[DATA SHOWN]
-=-=-

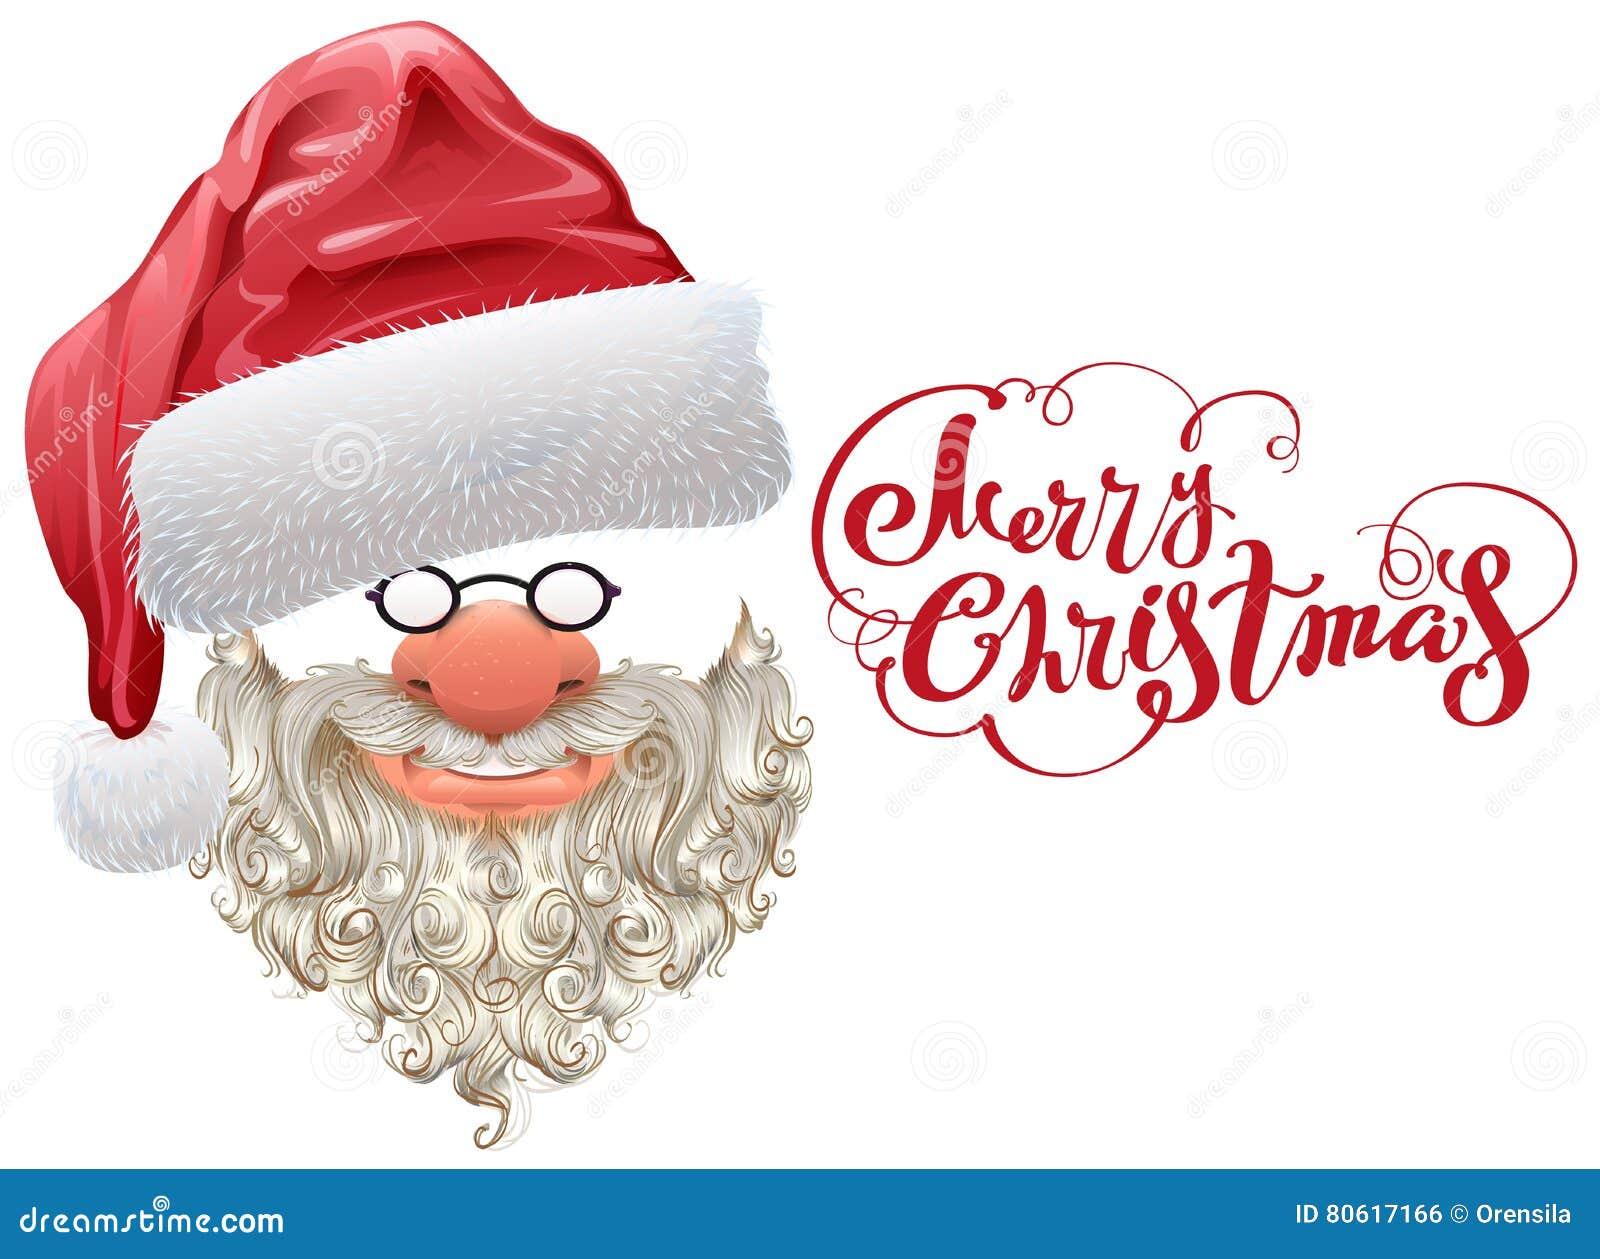 Roter Sankt-Hut, Bart Und Beschriftung Der Frohen Weihnachten Vektor ...
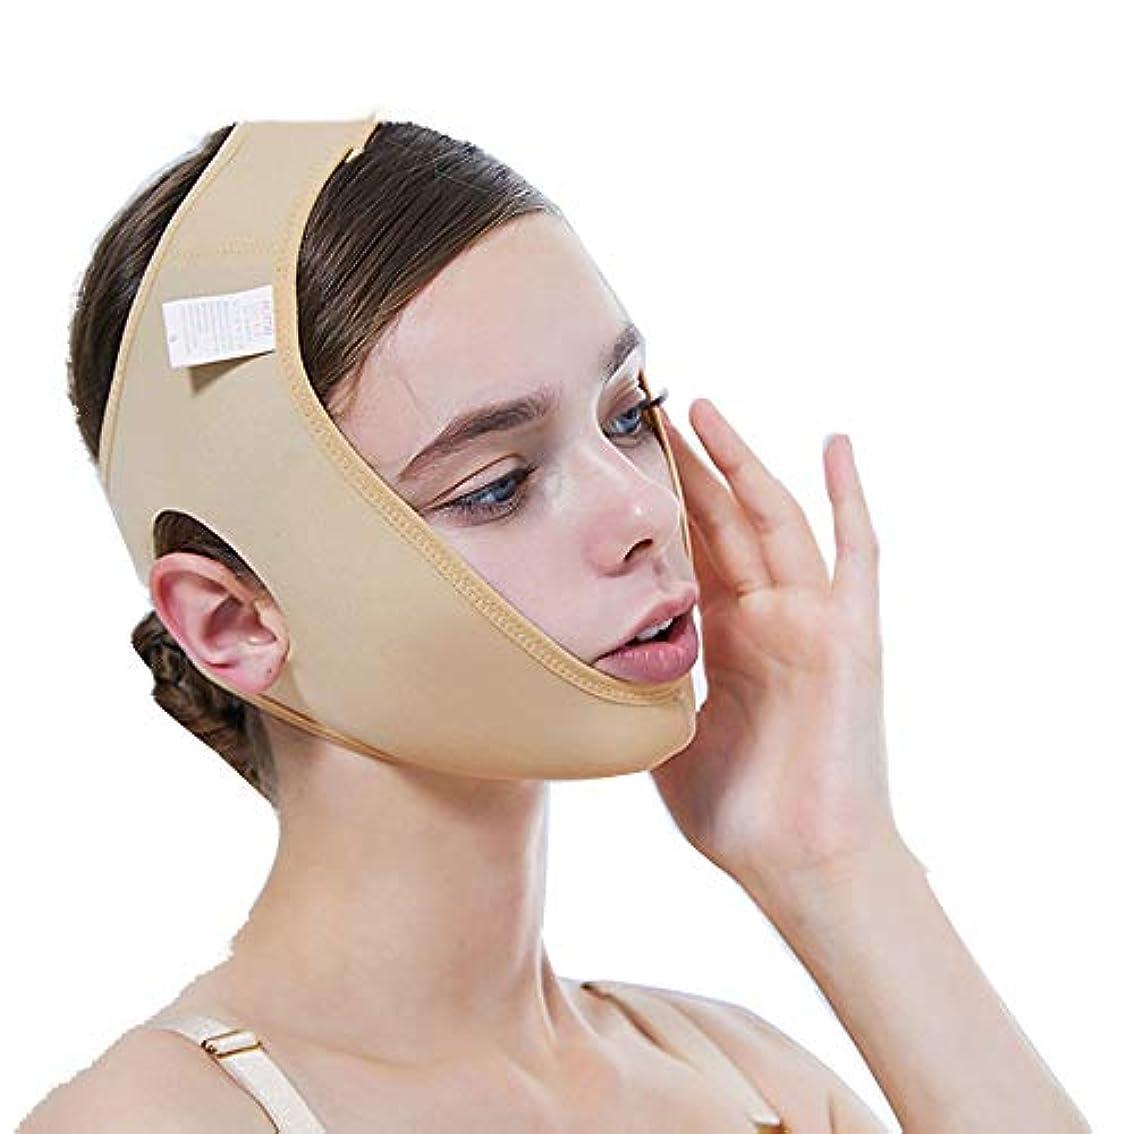 スープ無許可補うフェイスリフトマスク、薄型ダブルチンアーティファクト/vフェイスビームフェイス/あご手術セット/フェイスマスク(カラー),XXL
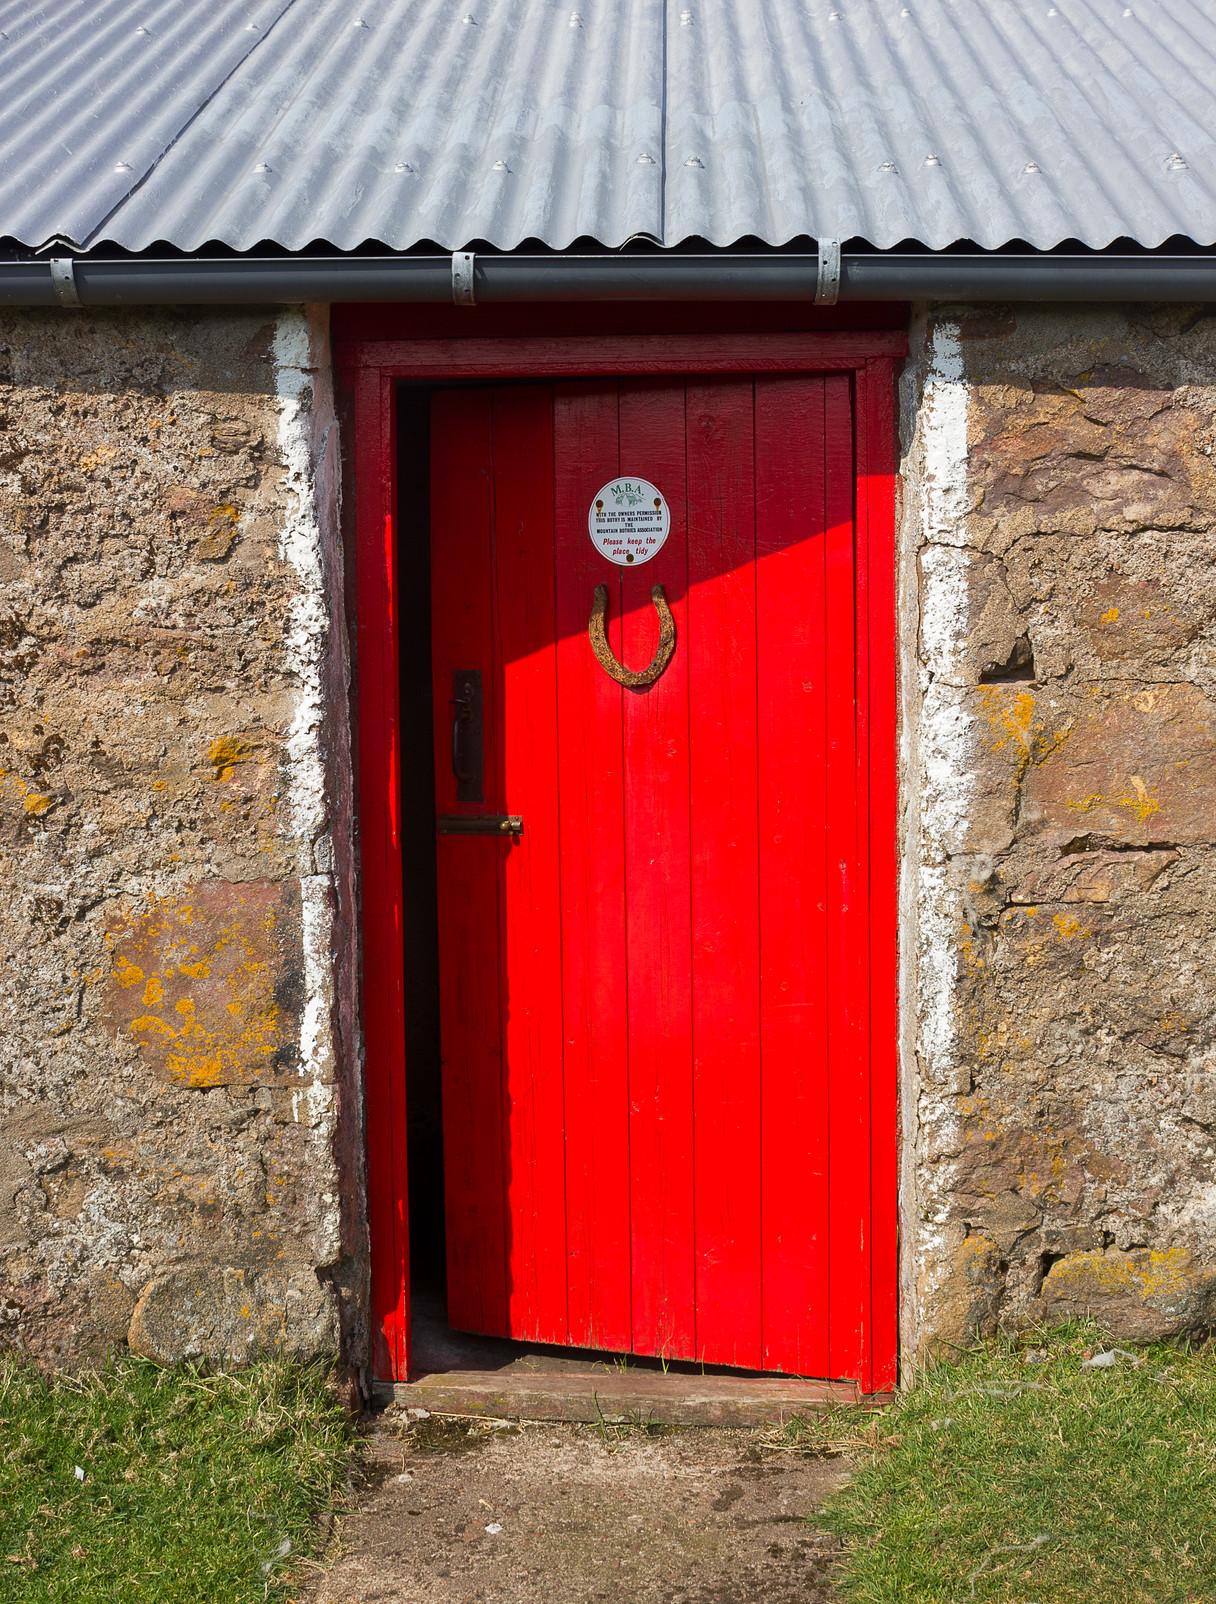 Strathchailleach Bothy, Northern Highlands

-=-=-

[ACTION ITEM]
From the line containing "スープ無許可補うフェイスリフ" down to the last line of the data, print every line exactly and nothing else. Pictures stay out of the copy.

[WRITTEN RESPONSE]
 スープ無許可補うフェイスリフトマスク、薄型ダブルチンアーティファクト/vフェイスビームフェイス/あご手術セット/フェイスマスク(カラー),XXL
 Strathchailleach Bothy, Northern Highlands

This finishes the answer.